Characters don't need to be likable for a story to be well-written, but all of the characters in Love Edy were likable to me, and I definitely cannot complain. Edy and Hassan, both coming from extremely wealthy backgrounds, were both 'spoiled' in a sense, but it didn't take away from their characters at all. They both are strong and witty in their unique ways, and I loved reading each of their perspectives. Being as wonderful of a relationship as they have, I probably should not be fond of Wyatt. But I was. I loved his character. Not only does he have a shady past and seems to get the short stick in life, but he's a wild never quite know what to expect. Aside from the three perspectives the story took, all of the secondary and minor characters were interesting to read about. The Dyson twins were funny, and it was great to see the girls like Alyssa and Chloe show that they have substance (and even serve as a wake up call to Edy).
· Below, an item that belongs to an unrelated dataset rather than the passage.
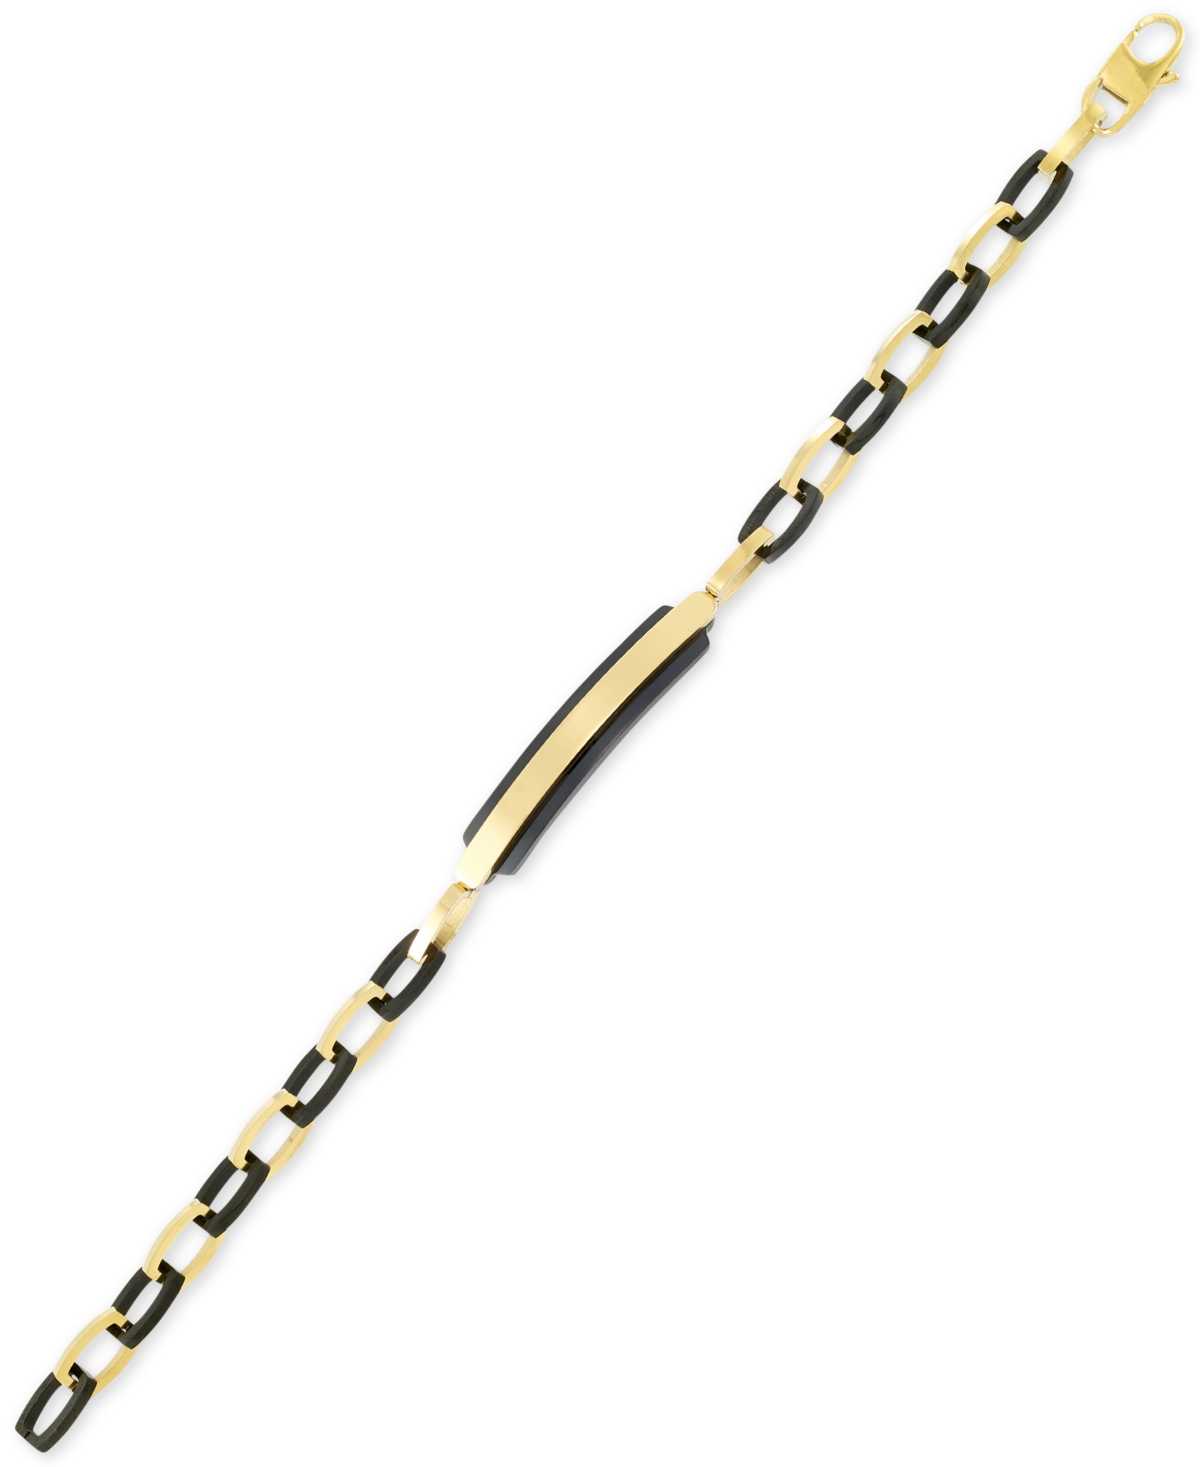 Smith Two-Tone Id Plate Bracelet in Black & Yellow Ion-Plated Stainless Steel - Black/Gold Tone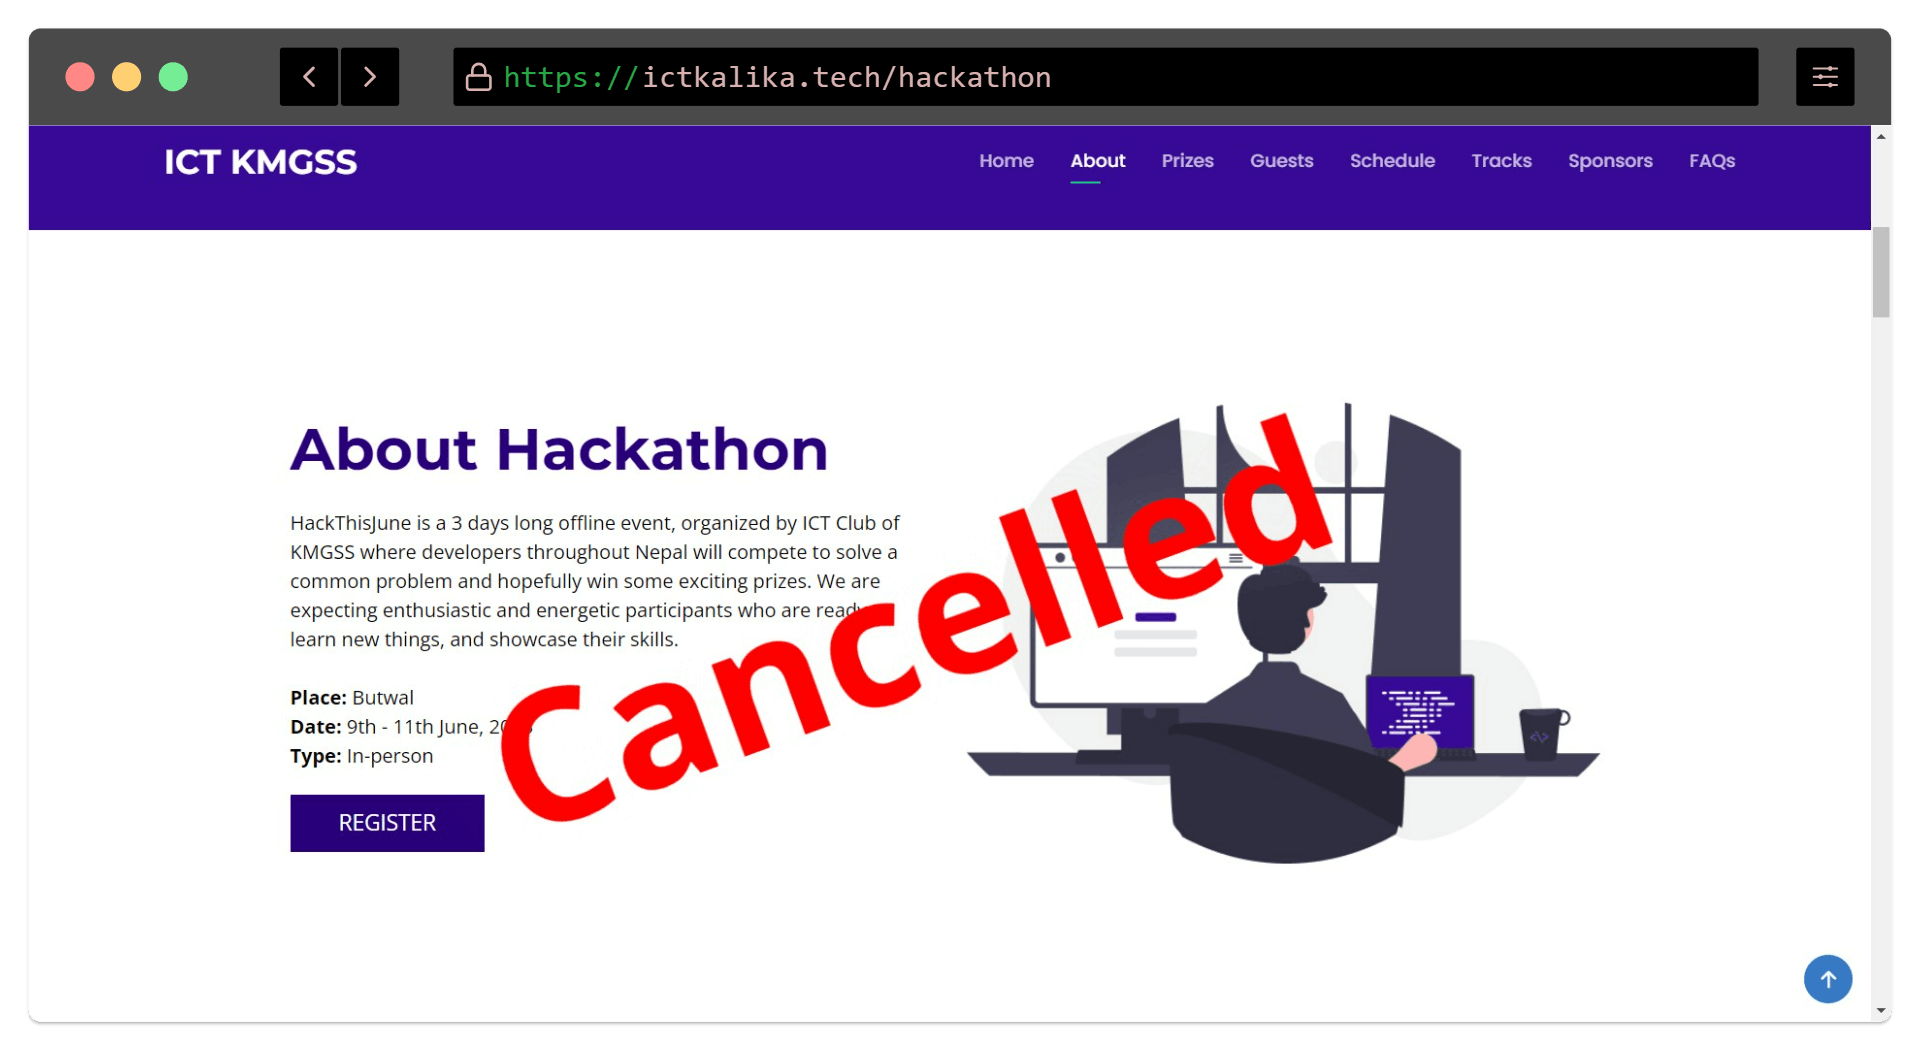 HackthisJune Hackathon by ICT club of KMGSS got cancelled

Books like Love Edy make me incredibly happy in the way that they bring diversity into YA. Not everyone in the world is one race, one socioeconomic classification and one religion, and blending cultures to more accurately mirror reality is wonderful. It also shows the conflicts that still exist between cultures and beliefs. Edy and Hassan are perfect for each other, but they have to face a difference in religions, and the tradition of arranged marriages that exists in Hassan's culture. These are real-world issues, and it is nice to see them tastefully done in a YA fiction.

Love Edy is a beautifully written novel with wonderful description and incredible dialogue. I loved every second of it, from the lighthearted scenes of friendship and the swoon-worthy romance to the portions that got darker. I can easily recommend this novel, although I would put aside some time to begin - once you do, you'll have trouble stopping. I'm eagerly looking forward to the next installment.